It is pretty deep down in the C standard but *main() and only main()* is allowed to declare that it returns an *int* without actually having any return statement in its body. In this case it will implicitly return 0 when it reaches the end of the function. This is a standards thing and should work on any compiler you try it on, even with full warnings enables (-Wall -pedantic)

As for books, the K&R "The C Programming Language" is the cult classic and unlike other programming books I feel it has some history (or nostalgia) about it making it great fun to read. Make sure to get the 2nd edition (ANSI) version and tbh, I advise sticking with pre-C99 if possible since it will make sure your C works on every compiler (I am looking at you Microsoft cl!).
Unlike C++, the latest standard of C doesn't really add additional safety which I suppose would be my only reason to upgrade.

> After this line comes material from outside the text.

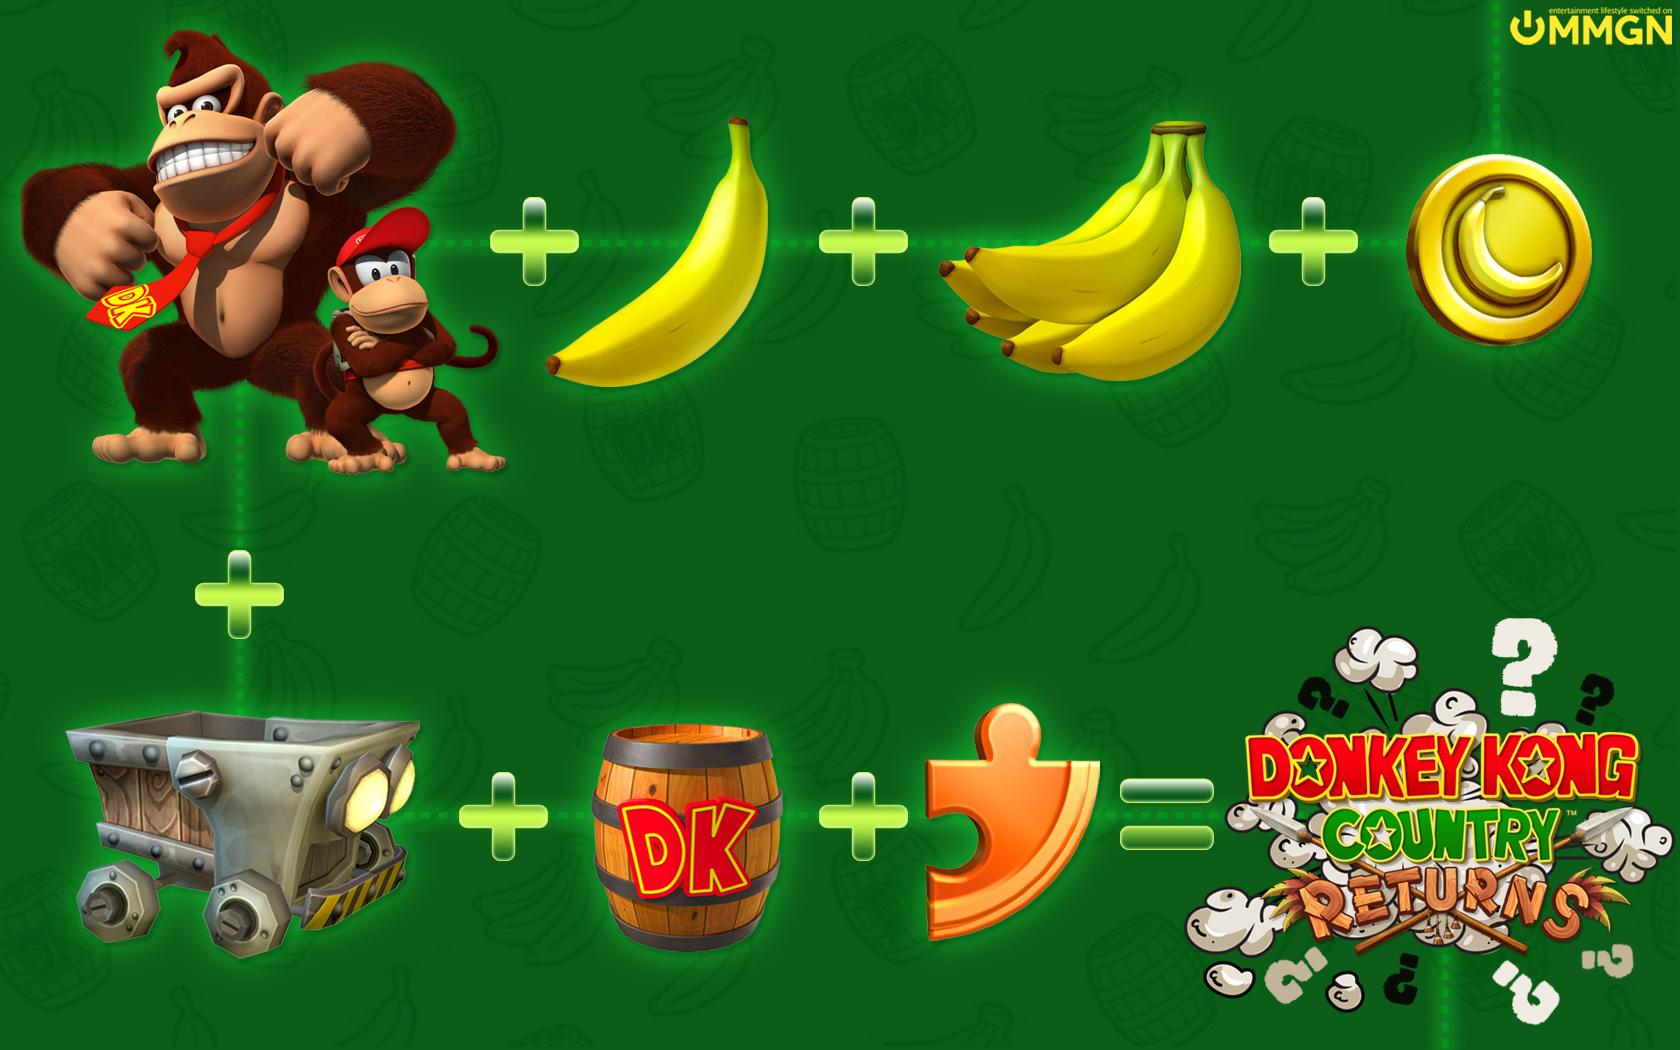 Donkey Kong Country Returns Donkey Kong Wallpaper 25771535
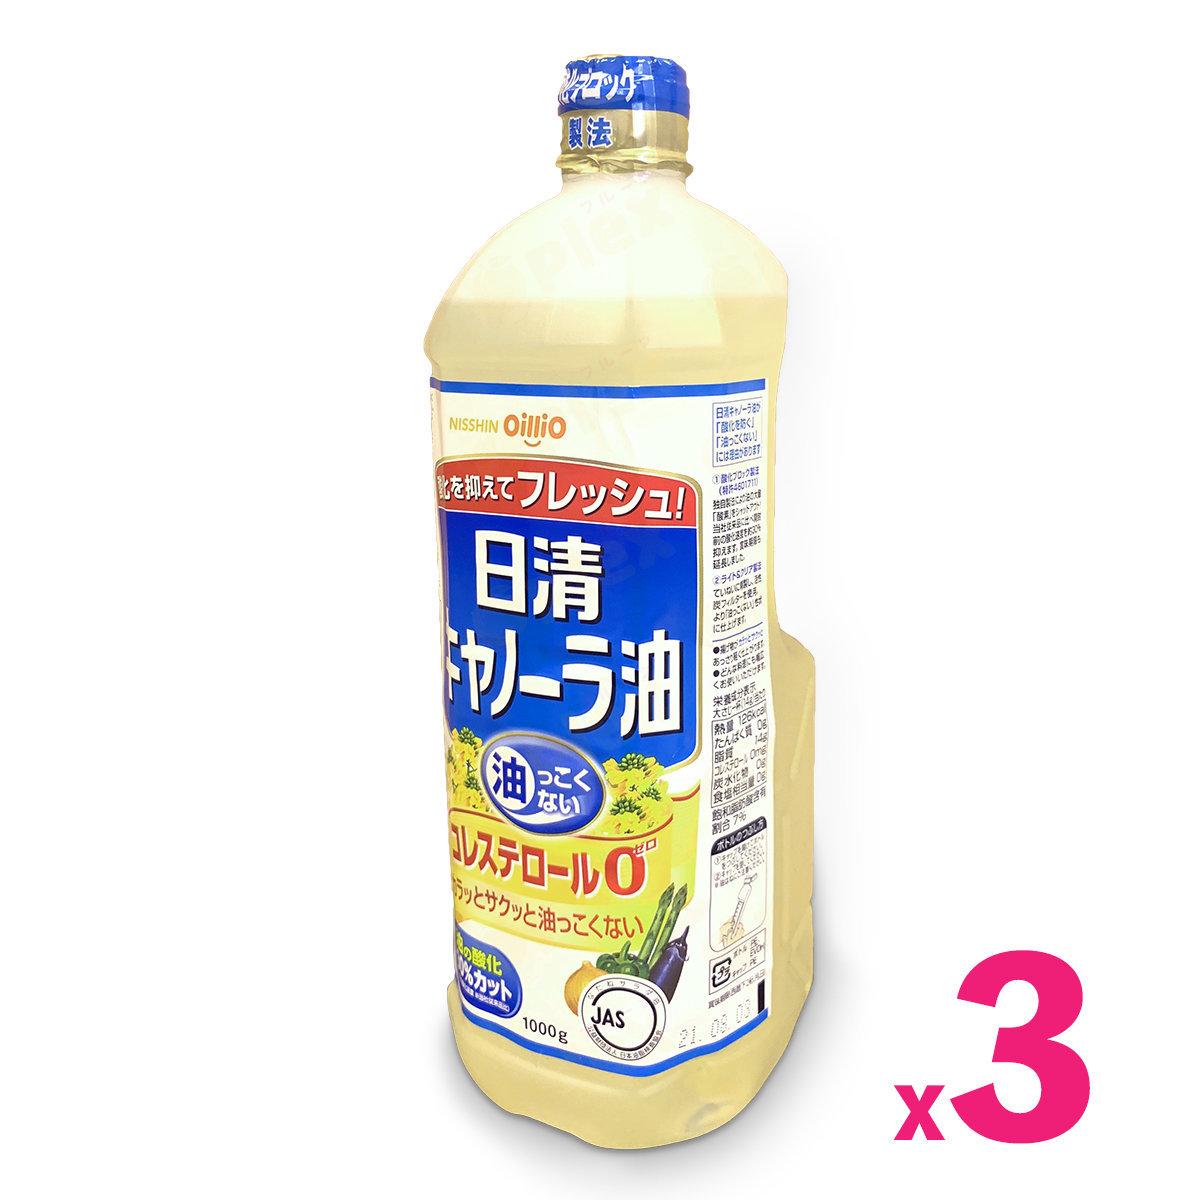 Oilio Zero Cholesterol Canola Oil (1000ml) x 3bottles

A blog post which has some useful info on the different types of main() (https://vineetgupta22.wordpress.com/2011/11/16/int-main-vs-void-main-vs-int-main-void-vs-main/)


----------



## drhowarddrfine (Mar 23, 2017)

kpedersen said:


> I feel it has some history (or nostalgia) about it making it great fun to read.


Not just that. I find it to be extremely readable. I was a hardware designer who never did more high level than assembly and was dragged kicking and screaming into C by my boss who insisted we learn it and made me buy that "white book".

That book, the first edition, sits in the most honored position on my book shelf, still with slips of paper as bookmarks I just now noticed.


----------



## Phishfry (Mar 23, 2017)

Do you have to be a math wiz to learn programming?

Most programming books dive right in to math. I picked up SICP and the people who complete that course must be genius. First half is all math.


----------



## kpedersen (Mar 23, 2017)

drhowarddrfine said:


> That book, the first edition, sits in the most honored position on my book shelf, still with slips of paper as bookmarks I just now noticed.



heh, nice. I used to read that book so much that my original paperback version fell apart. I am the proud owner of a hard back second edition copy (still pretty rough around the edges now haha)


----------



## kpedersen (Mar 23, 2017)

Phishfry said:


> Do you have to be a math wiz to learn programming?



Math certainly helps with a lot of problem domains within programming such as Graphics, data mining, etc. but it isnt necessary for lots of things. For example GUI development at most requires a vague understanding of coordinates.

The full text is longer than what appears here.